Open Voice Project

We're building an open dataset of tabletop RPG session recordings from real gaming groups on Discord. Every participant consents before recording. Each speaker is a separate track. Participants choose their own license restrictions. Released for speech research, transcription, and AI. See how it works.

Add bot to your server View source

Buy me a coffee

The gap

No open, consent-based TTRPG audio dataset exists

Tabletop RPG sessions produce some of the richest multi-speaker conversation in existence — character voices, narration, cross-talk, improvisation. Anyone building speech recognition, transcription tools, or conversational AI has no good source for this kind of audio.

Dataset	Audio	Per-speaker	Consent	Open
CRD3 (Critical Role)	Text only	—	Scraped	Yes
Playing with Voices	YouTube links	Mixed	No	No
FIREBALL	Text only	—	Yes	CC BY 4.0
Open Voice Project	Raw PCM	Per-speaker	Explicit	CC BY-SA 4.0 +

Dataset goals

What makes this different

Per-speaker tracks

Record each participant as a separate audio file. No diarization needed.

Consent-first collection

Every participant explicitly agrees before any audio is captured.

Multi-system coverage

D&D, Pathfinder, Call of Cthulhu, and more. Not limited to one show or system.

Character voice acting

Players alter their voices for characters — a uniquely challenging ASR benchmark.

How it works

Record, consent, contribute

A Discord bot joins your voice channel, collects consent from every participant, and records each speaker as a separate lossless audio track.

GM runs /record in a text channel. Bot detects voice participants and posts a consent prompt.

Each player clicks Accept or Decline. Recording starts once everyone responds.

After accepting, players can toggle "No LLM Training" or "No Public Release." Defaults to fully open.

Bot joins voice and announces "Recording has begun." Each speaker is captured as a separate stream.
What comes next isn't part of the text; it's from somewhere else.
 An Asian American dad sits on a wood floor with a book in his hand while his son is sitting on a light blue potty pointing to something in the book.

GM runs /stop. Audio is pseudonymized and uploaded. Bot announces "Recording complete."

Participants can review transcripts, flag private info, correct lines, and manage consent anytime on the web portal.
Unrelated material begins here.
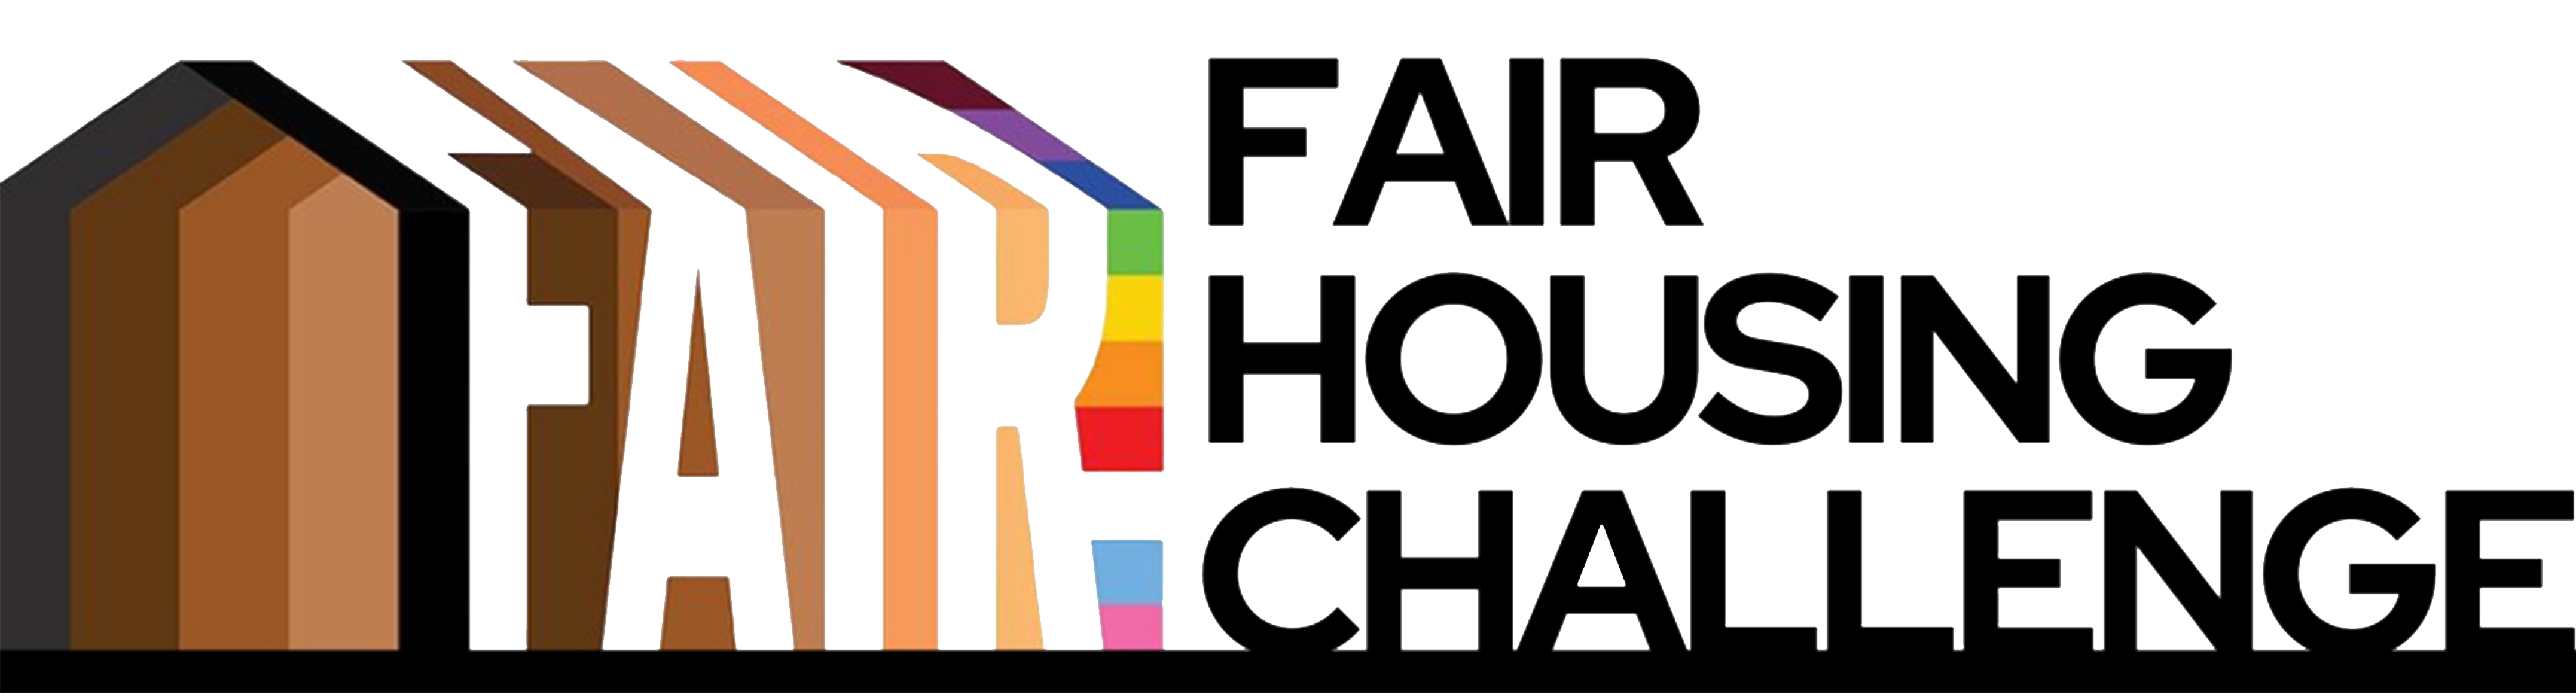 word graphic that says fair housing challenge in black. Fair is written again on left side in skin tone colors

Add to your Discord server

Your data, your rules

Participant portal

Every participant can sign in with Discord and manage their recordings. You stay in control of your voice data — before, during, and after publication.
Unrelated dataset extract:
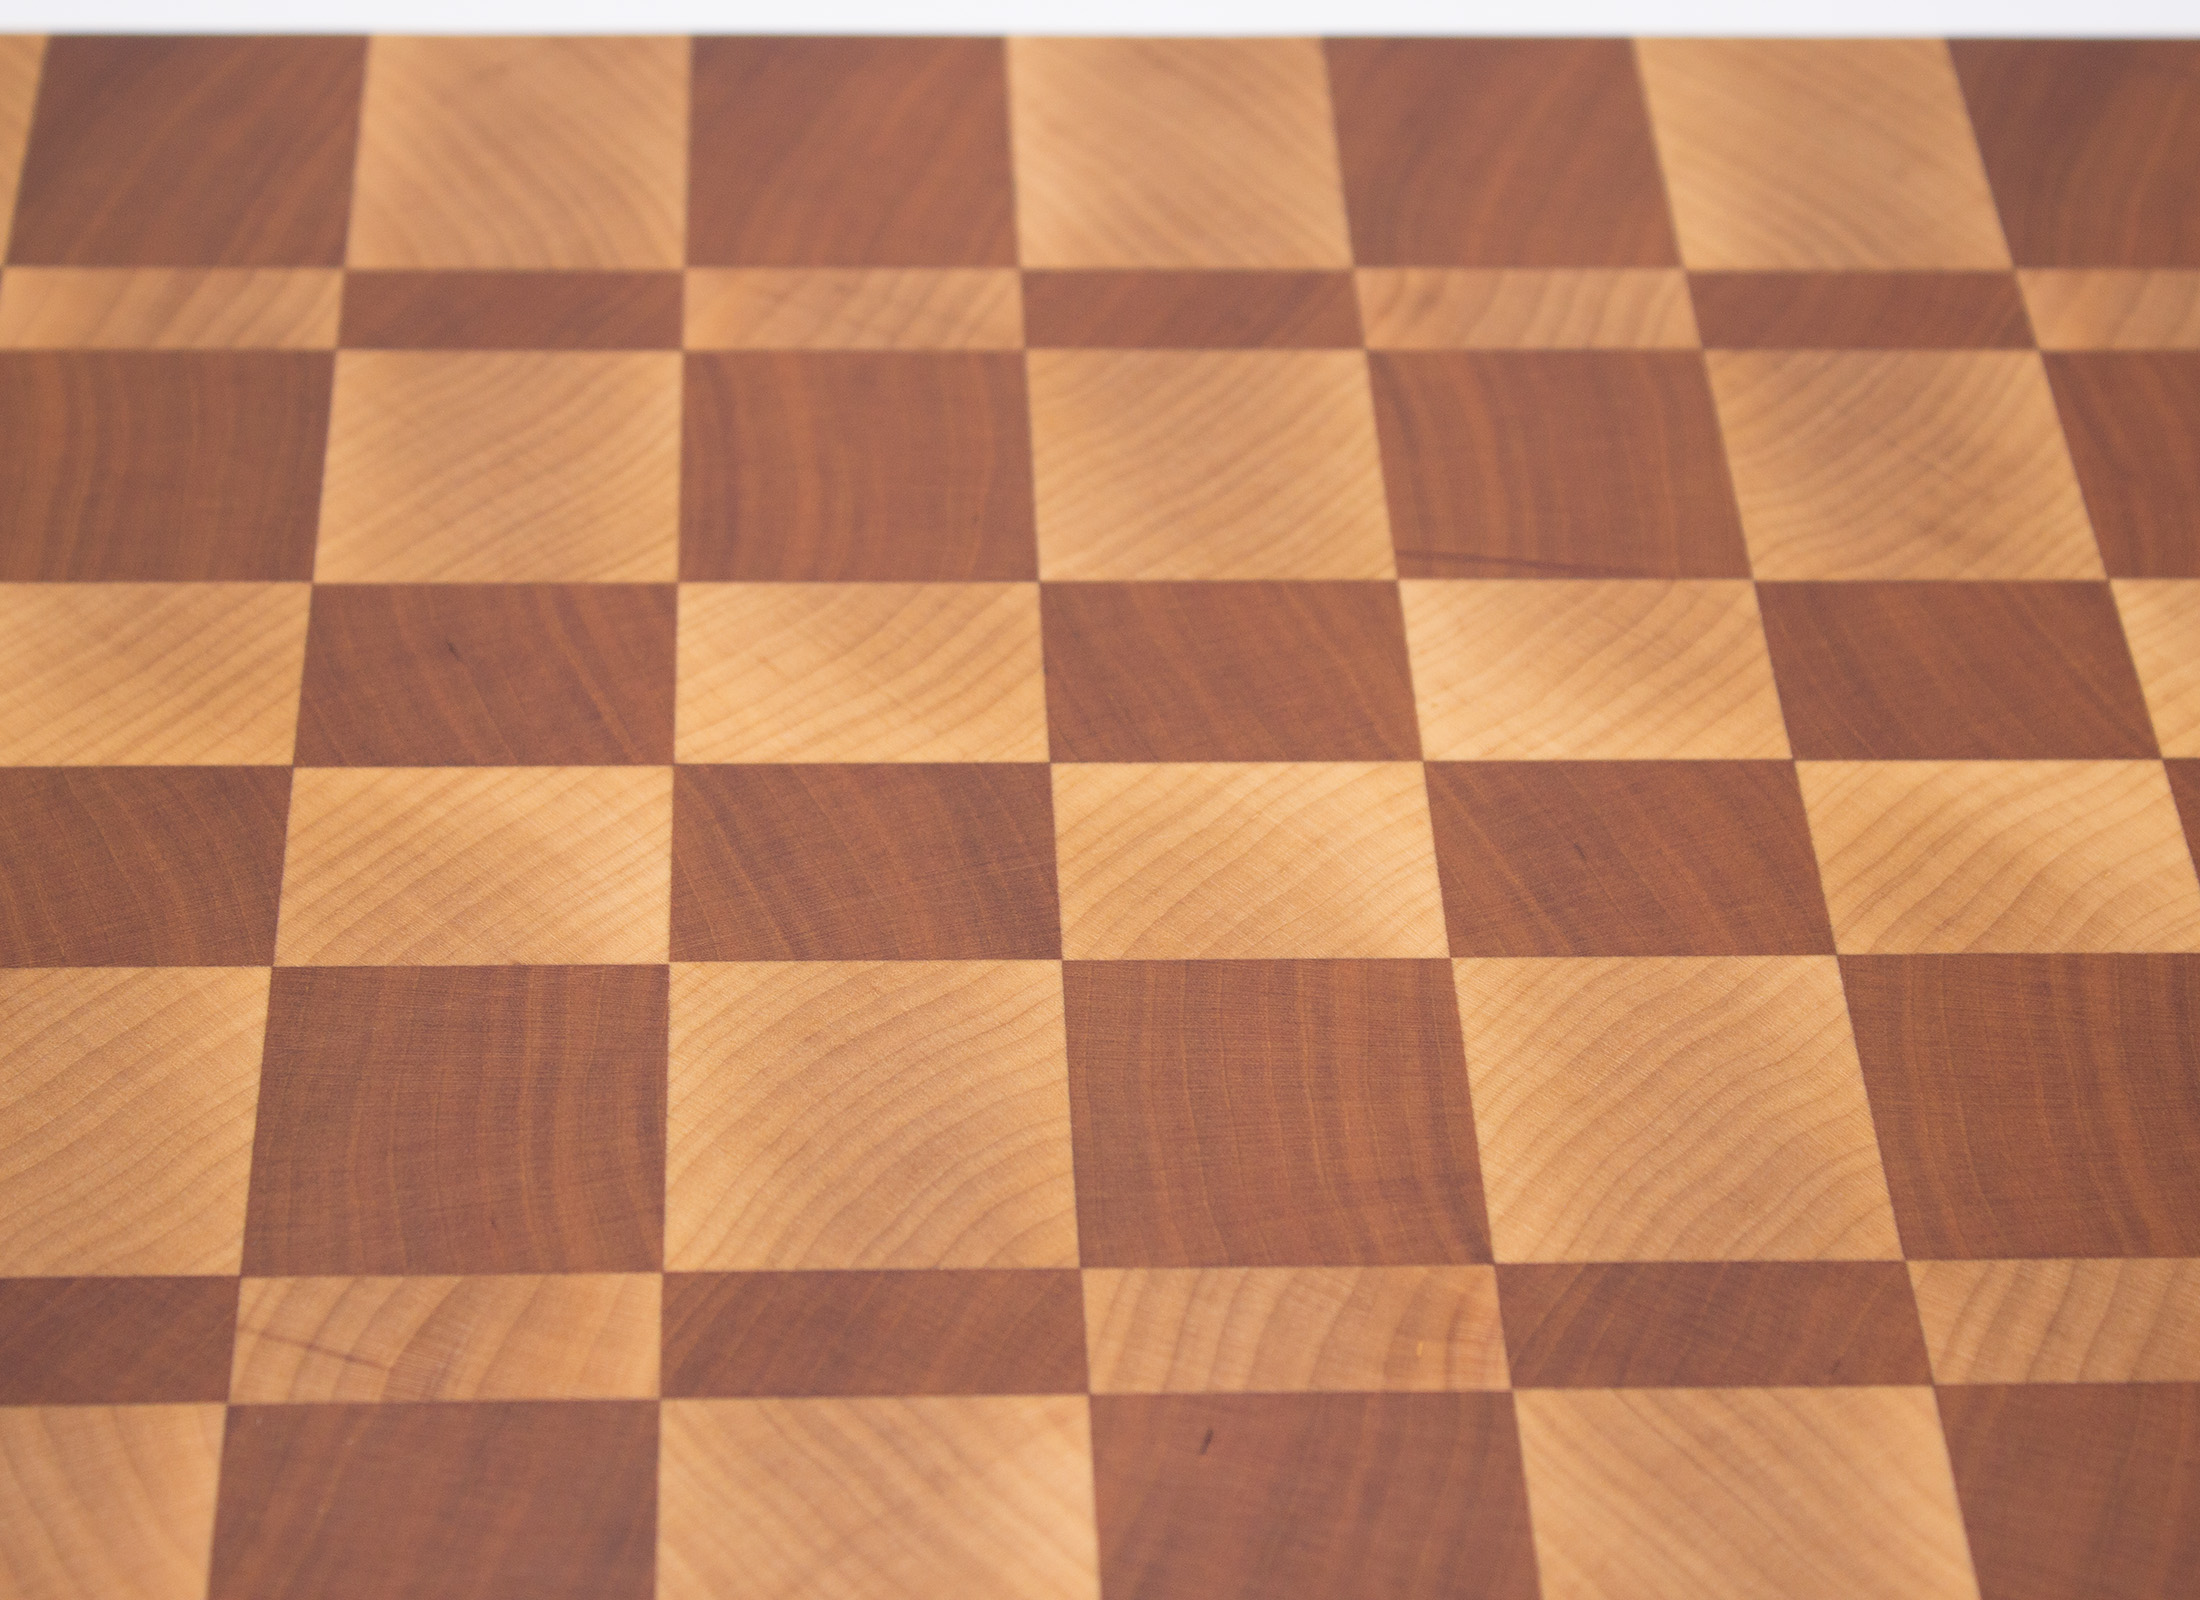 Cherry and Maple Chess Board

Under construction — coming soon.

Review transcripts

Read through your session transcripts with per-line audio playback. See exactly what was captured.

Flag private info

Spot a phone number or address in pre-game chatter? One click to flag it. Flagged lines are excluded from the published dataset.

Correct transcriptions

Fix what the speech recognition got wrong. Every correction improves the dataset — and produces free ASR training data.

Change permissions

Toggle "No LLM Training" or "No Public Release" per session, anytime. Upgrade or restrict — your choice.

Download your data

Export all your sessions, transcripts, and audio files. Full GDPR data portability.

Withdraw consent

Changed your mind? Withdraw consent for any session. If it hasn't been published yet, your audio is permanently deleted from storage.

What gets collected

Session bundles

Each recording session produces a structured bundle uploaded to secure storage. Discord identities are pseudonymized — the public dataset contains no usernames or IDs.

Audio

Per-speaker raw PCM, 48kHz 16-bit mono

Metadata

Game system, duration, participant count

Consent

Pseudonymized records with two-flag license restrictions

Status

Early collection

We're recording sessions and validating the pipeline. The dataset will be published on HuggingFace once we have enough validated contributions. Participants choose their own license restrictions per session.

Why I'm building this

I need this dataset too

I'm building Session Helper, an open source, self-hostable GM assistant that transcribes sessions, generates notes, and maintains a living campaign wiki. This dataset is how I'm training and evaluating the transcription pipeline — and I want it to be useful to everyone else working on speech and language tools too.